The problem »
Write the listing out again word for word, skipping each picture.

=== Information provided ===

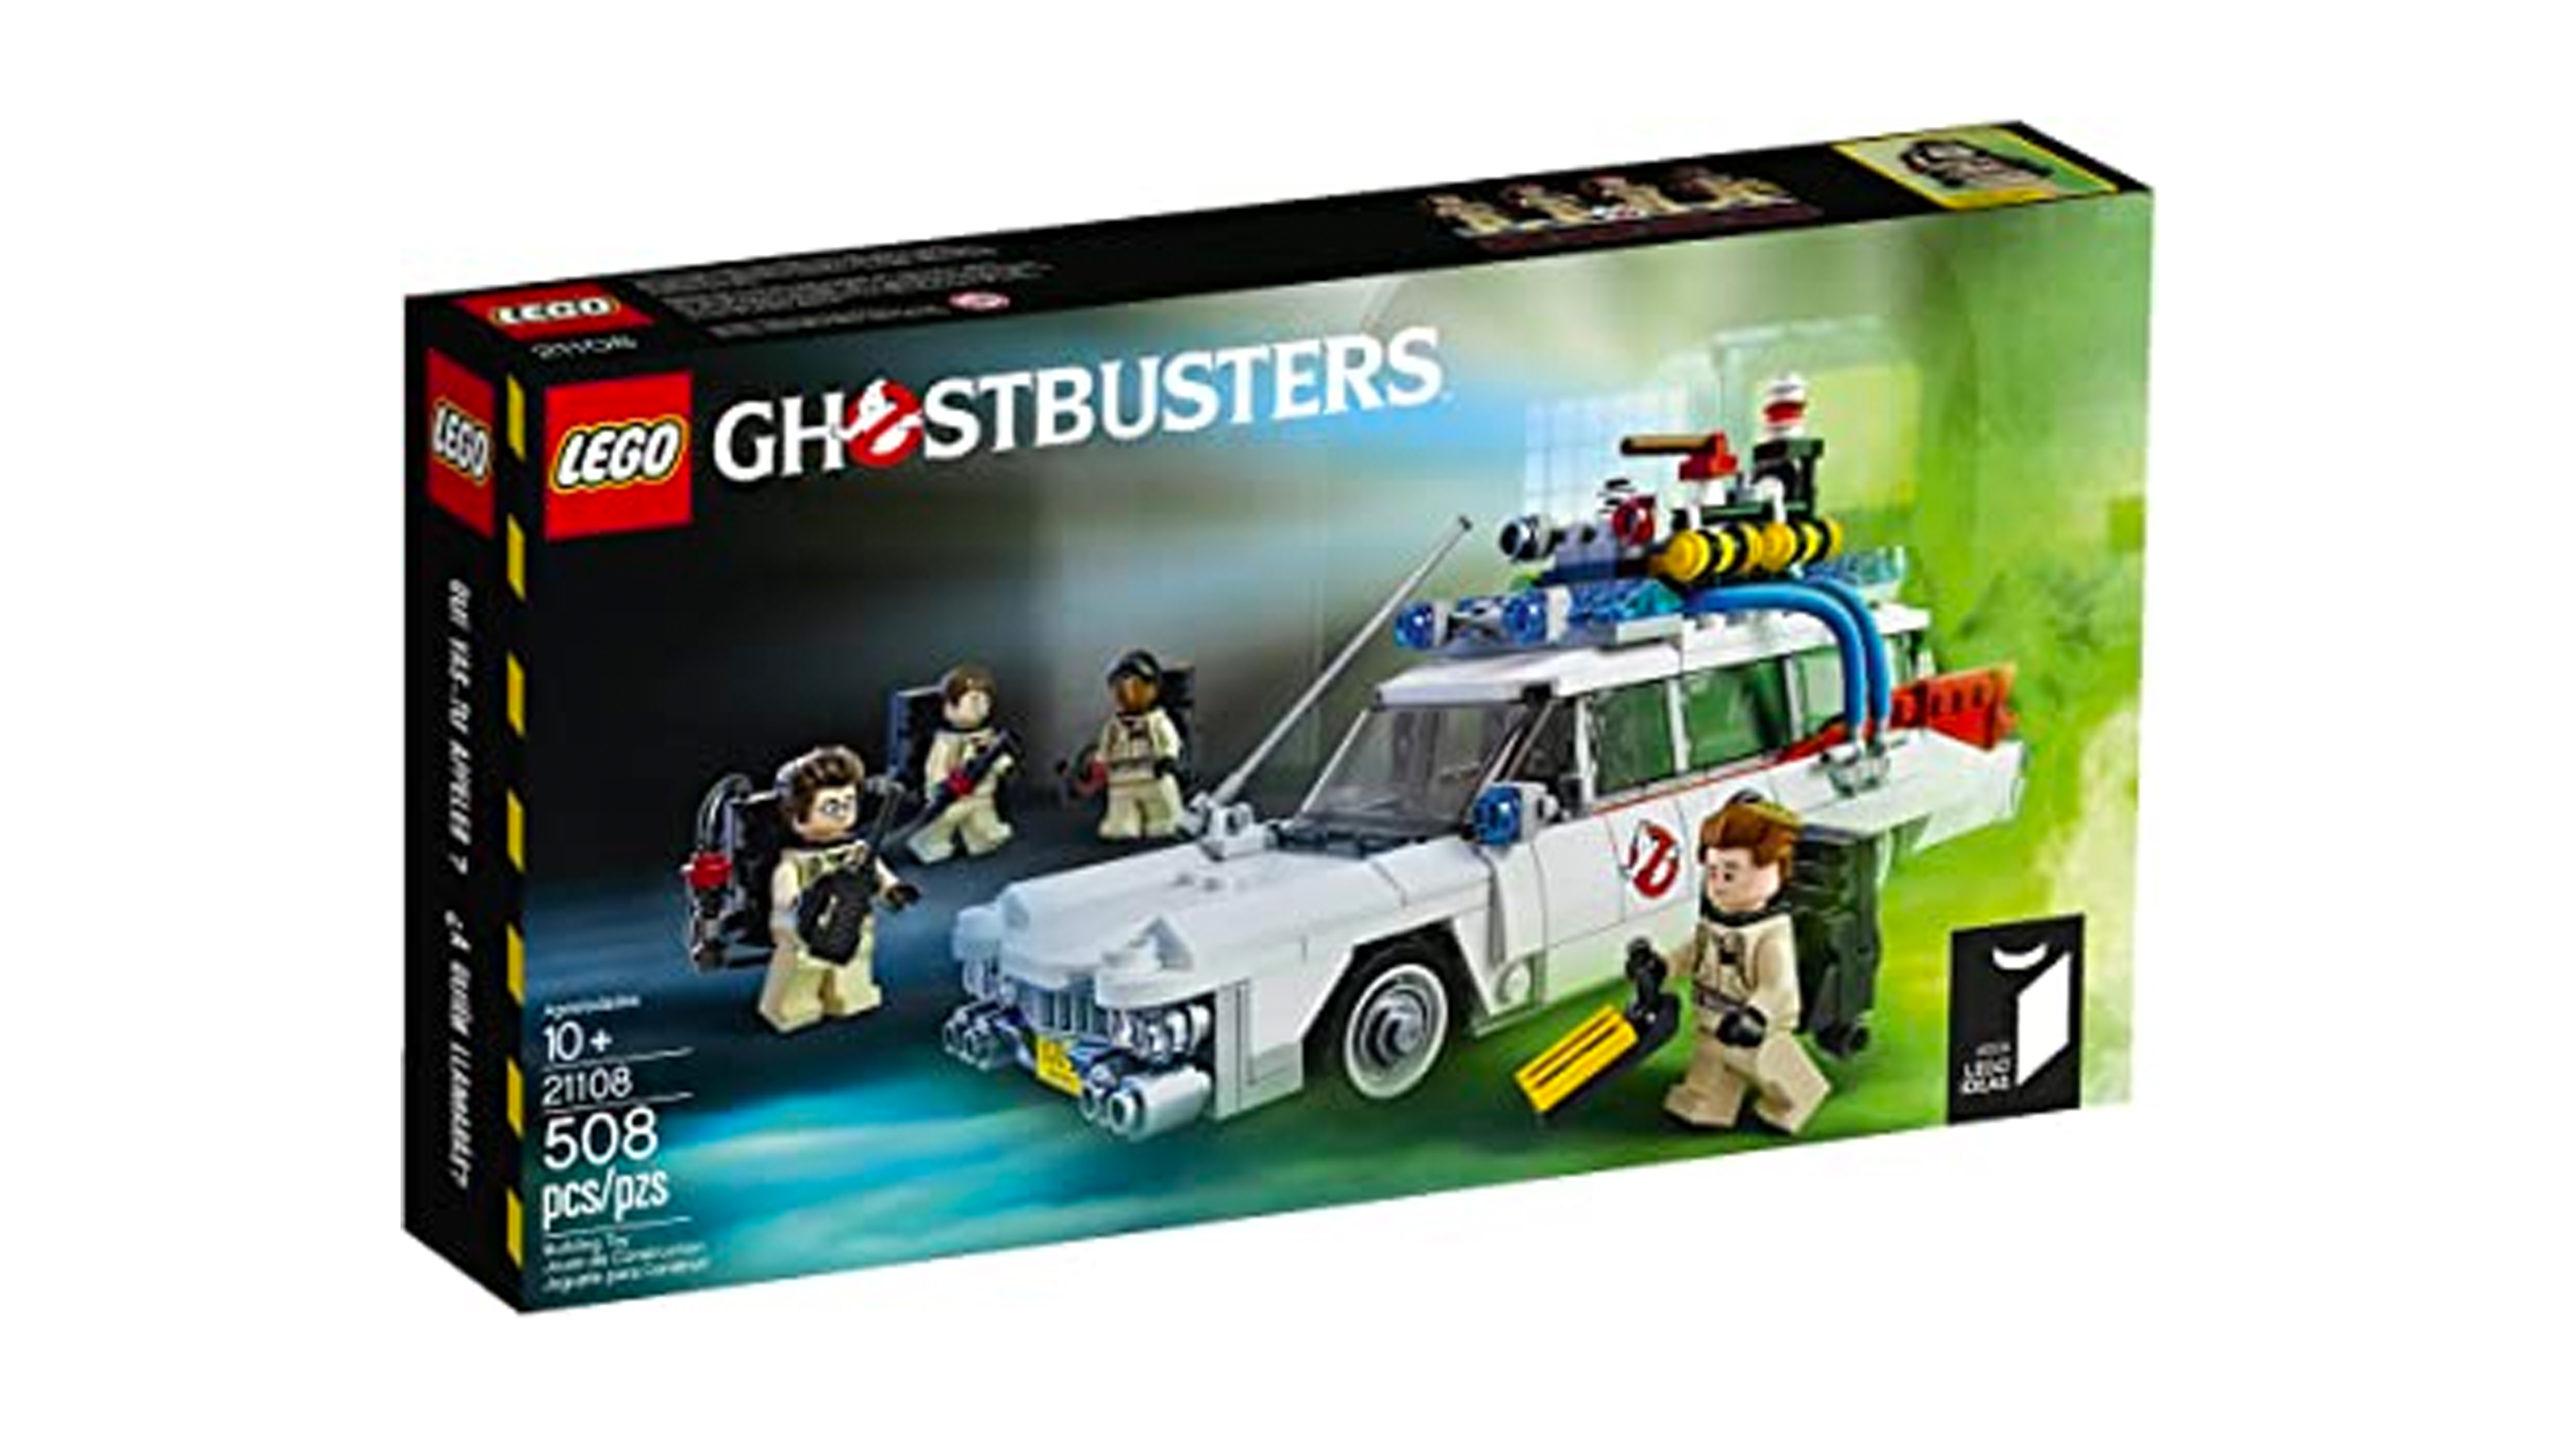 LEGO Licensed Sets - Ghostbusters Set
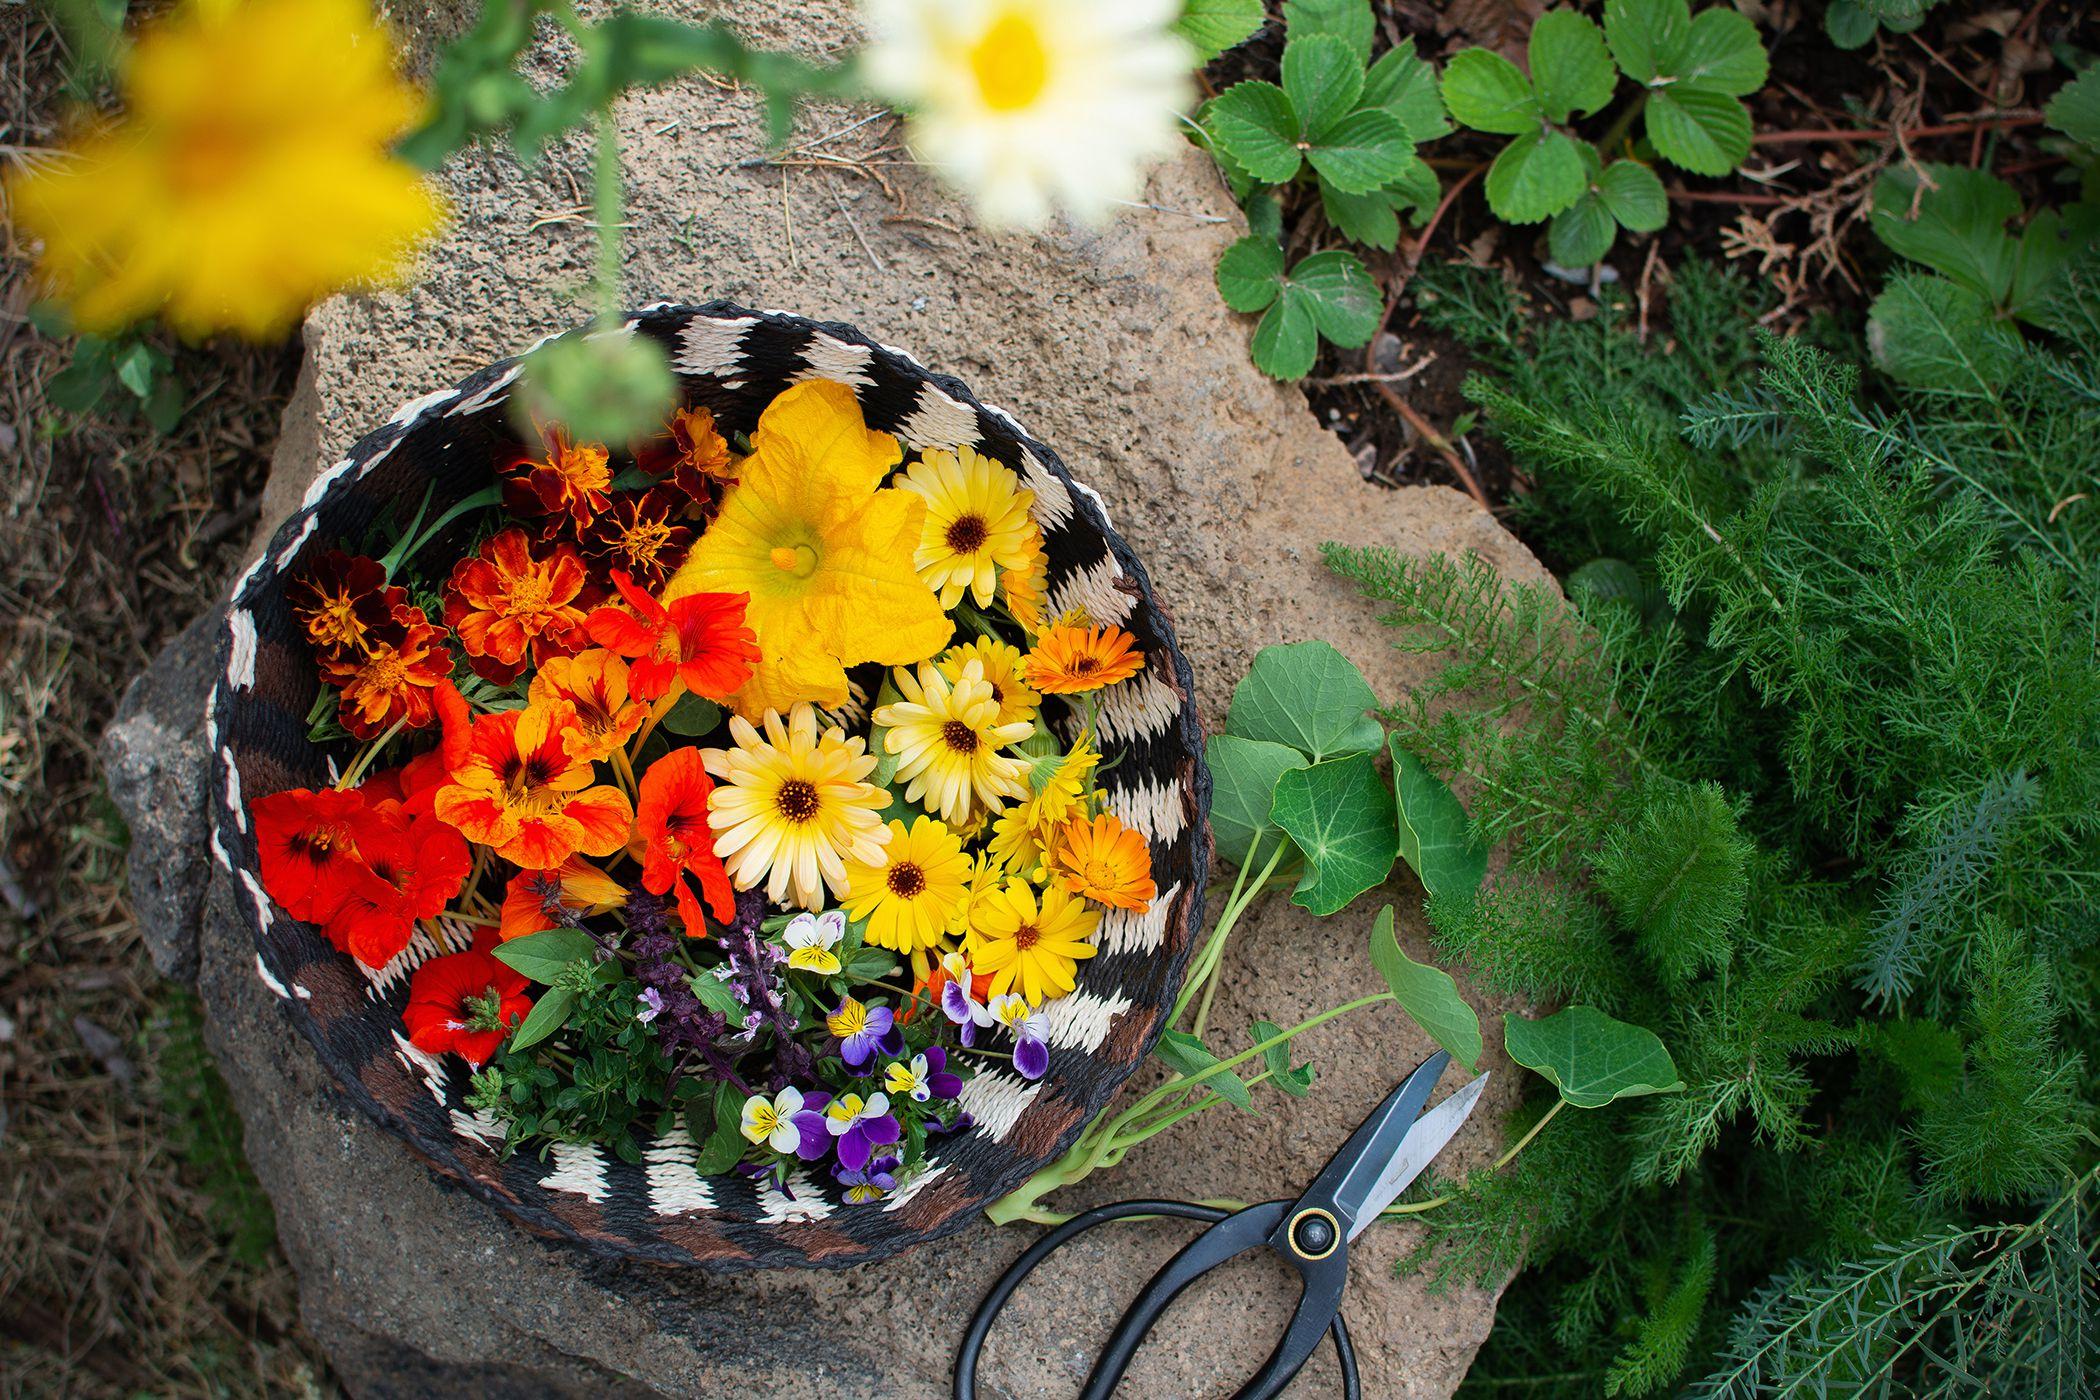 Growing Edible Flowers In Your Garden
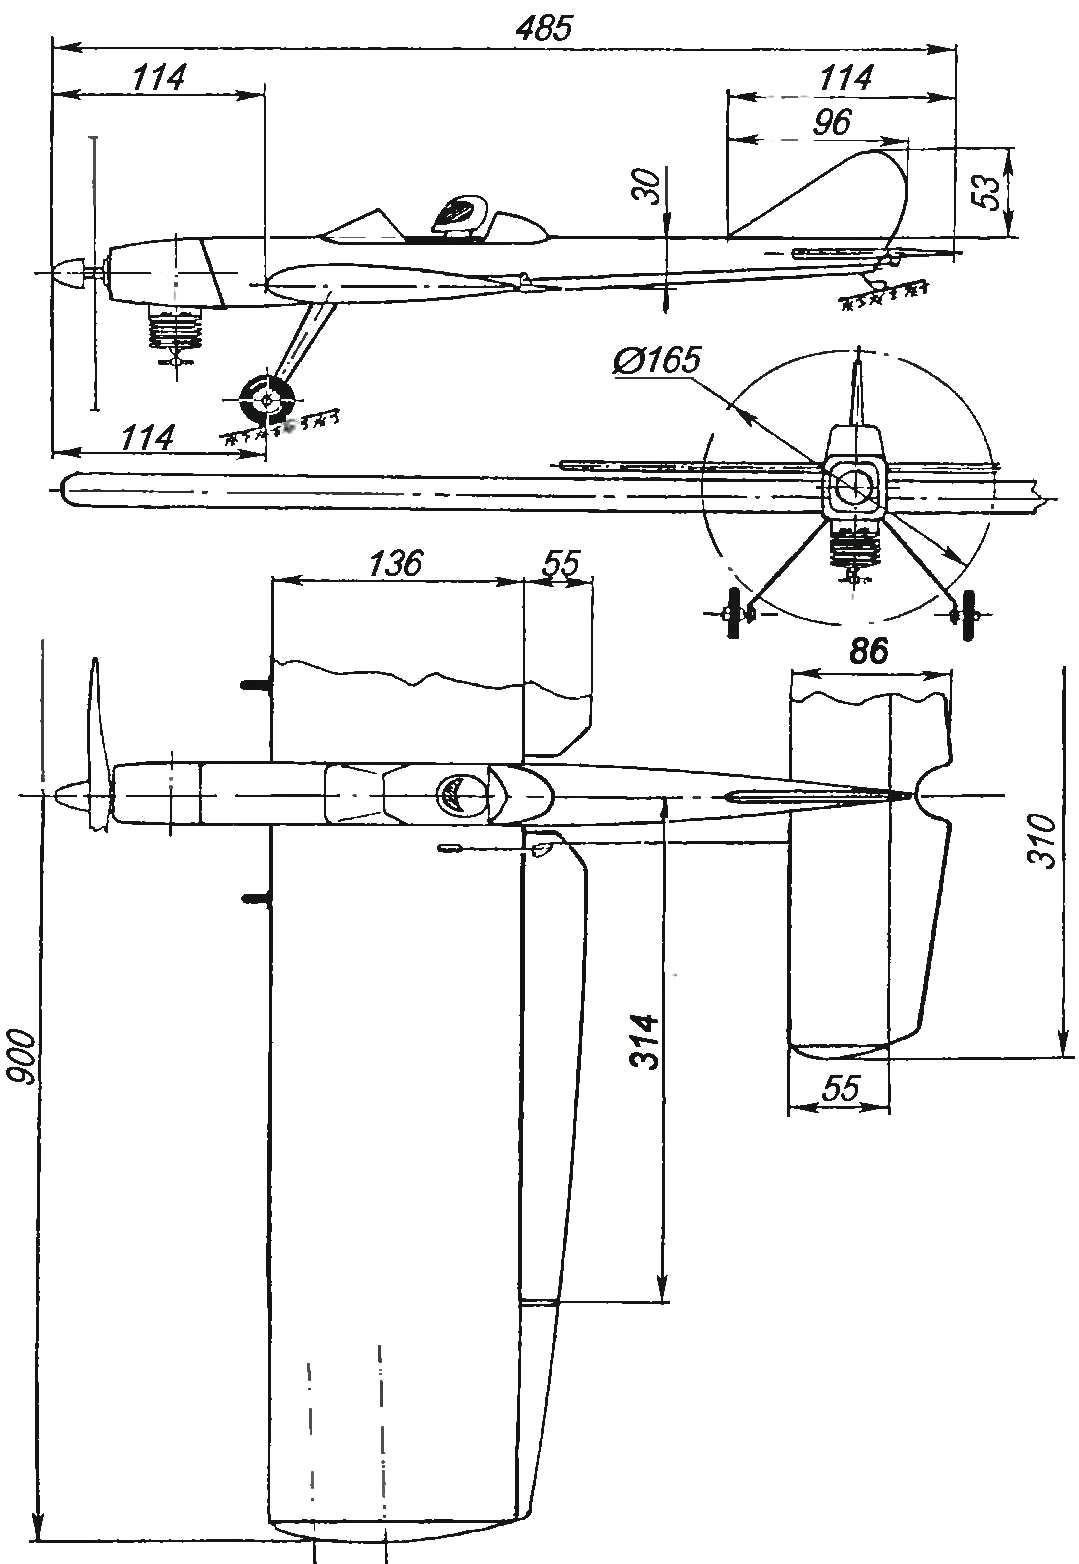 Геометрическая схема пилотажной кордовой модели с двигателем МК-17 «Юниор»

===

Written response »
 LEGO Licensed Sets - Ghostbusters Set
 Growing Edible Flowers In Your Garden
 Геометрическая схема пилотажной кордовой модели с двигателем МК-17 «Юниор»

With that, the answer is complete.